L’enseignement de la Philosophie est nécessaire pour les raisons suivantes :

Premièrement, il y a un déficit énorme de professeurs de Philosophie (dans le secondaire) au Sénégal. L’État se trouve obligé de faire appel à des sociologues, des psychologues ou des étudiants en Lettres pour combler le gap. Il y a quelques années (vers 2014-2015), le Ministère de l’éducation nationale était sérieusement confronté à ce problème à telle enseigne qu’il était obligé de procéder à un recrutement très « spécial ». On demandait à tout étudiant titulaire d’une licence de Philosophie (et qui souhaite enseigner) de s’inscrire sur le site du Ministère car il y avait une vraie urgence…

Aujourd’hui encore la situation n’a pas évolué.

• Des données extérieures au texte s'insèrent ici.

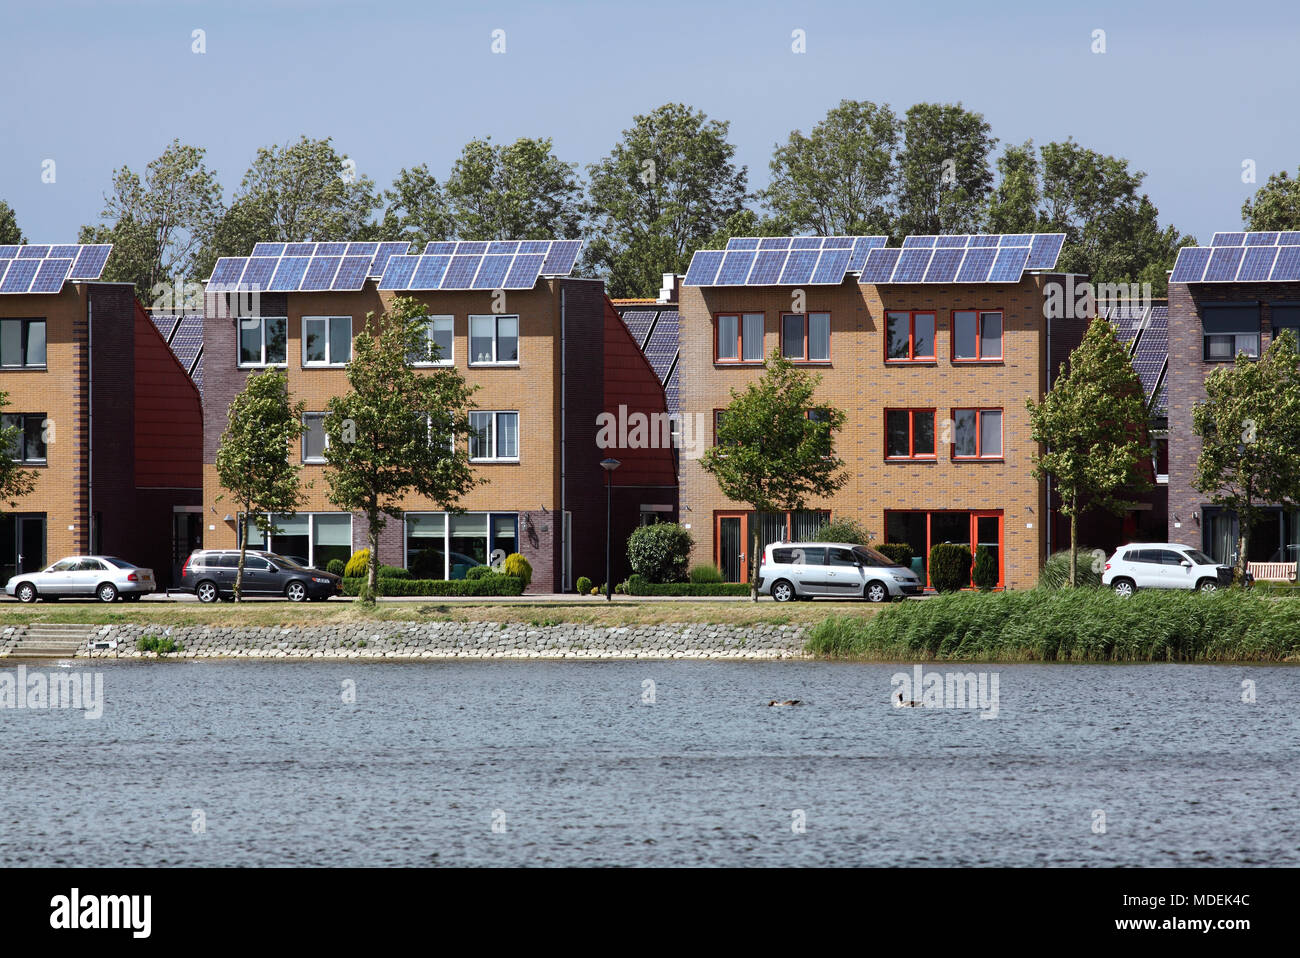 Case e rabboccato con celle fotovoltaiche in Stad van de Zon (Città del Sole), un borgo sostenibile di Heerhugowaard, North Holland, Paesi Bassi. Foto Stock

En Septembre 2022, l’inspection d’Académie de Kaolack (pour ne citer que celle-ci) souligne un manque de 547 enseignants notamment dans des disciplines comme la Philosophie. D’après l’inspecteur Siaka Goudiaby : « au moins six lycées n’ont même pas de professeurs de Philosophie ». Il en est de même dans les autres régions (Tamba, Ziguinchor, Kolda, Matam etc.).

L’ancien ministre Serigne Mbaye Thiam avouait ouvertement que le Sénégal est confronté à une carence en professeur enseignant dans des disciplines comme la Philosophie à cause du nombre très faible de maîtrisards dans ce domaine. Il est évident, pour nous, que le problème s’explique par le fait qu’il n’existe qu’une seule Université qui forme dans cette branche. Ce qui est incompréhensible dans un pays comme le Sénégal. Les autorités étatiques ne soulignent le problème que lorsqu’il y a grèves ou manifestations des élèves (comme ce qui s’est passé à Podor il y a environ quelques années et dans d’autres localités).

philoEn ce qui concerne les responsables des autres universités, ils demandent à ce que le dossier soit porté par des enseignants de leurs propres universités. Ceci crée souvent des problèmes car beaucoup d’entre eux ne se sentent pas directement concernés. A cela s’ajoutent les lenteurs administratives. Ailleurs, on convoque des arguments liés aux difficultés structurelles ou matérielles comme le déficit de locaux ou des problèmes de budgets. Tout ceci démontre parfois un manque de volonté réel.

Deuxièmement, l’élargissement de l’enseignement de la philosophie permet de lutter contre le chômage de jeunes Docteurs-ès- philosophie et devient ainsi un moyen efficace pour participer à la création d’emplois. Car il faut souligner également qu’il y a très peu de recrutement dans la discipline.

Troisièmement, chaque année des centaines de bacheliers sont réorientés dans les autres branches parce qu’il n’y a pas suffisamment de places pour les accueillir étant donné qu’il n’existe qu’un seul Département de Philosophie. Ce qui fait qu’au bout du compte très peu d’étudiants arrivent à obtenir une formation suffisante pour enseigner (la FASTEF aussi accueille un nombre limité d’élèves-professeurs). Par conséquent, très peu de lycées au Sénégal bénéficient de deux ou de trois professeurs titulaires en Philosophie.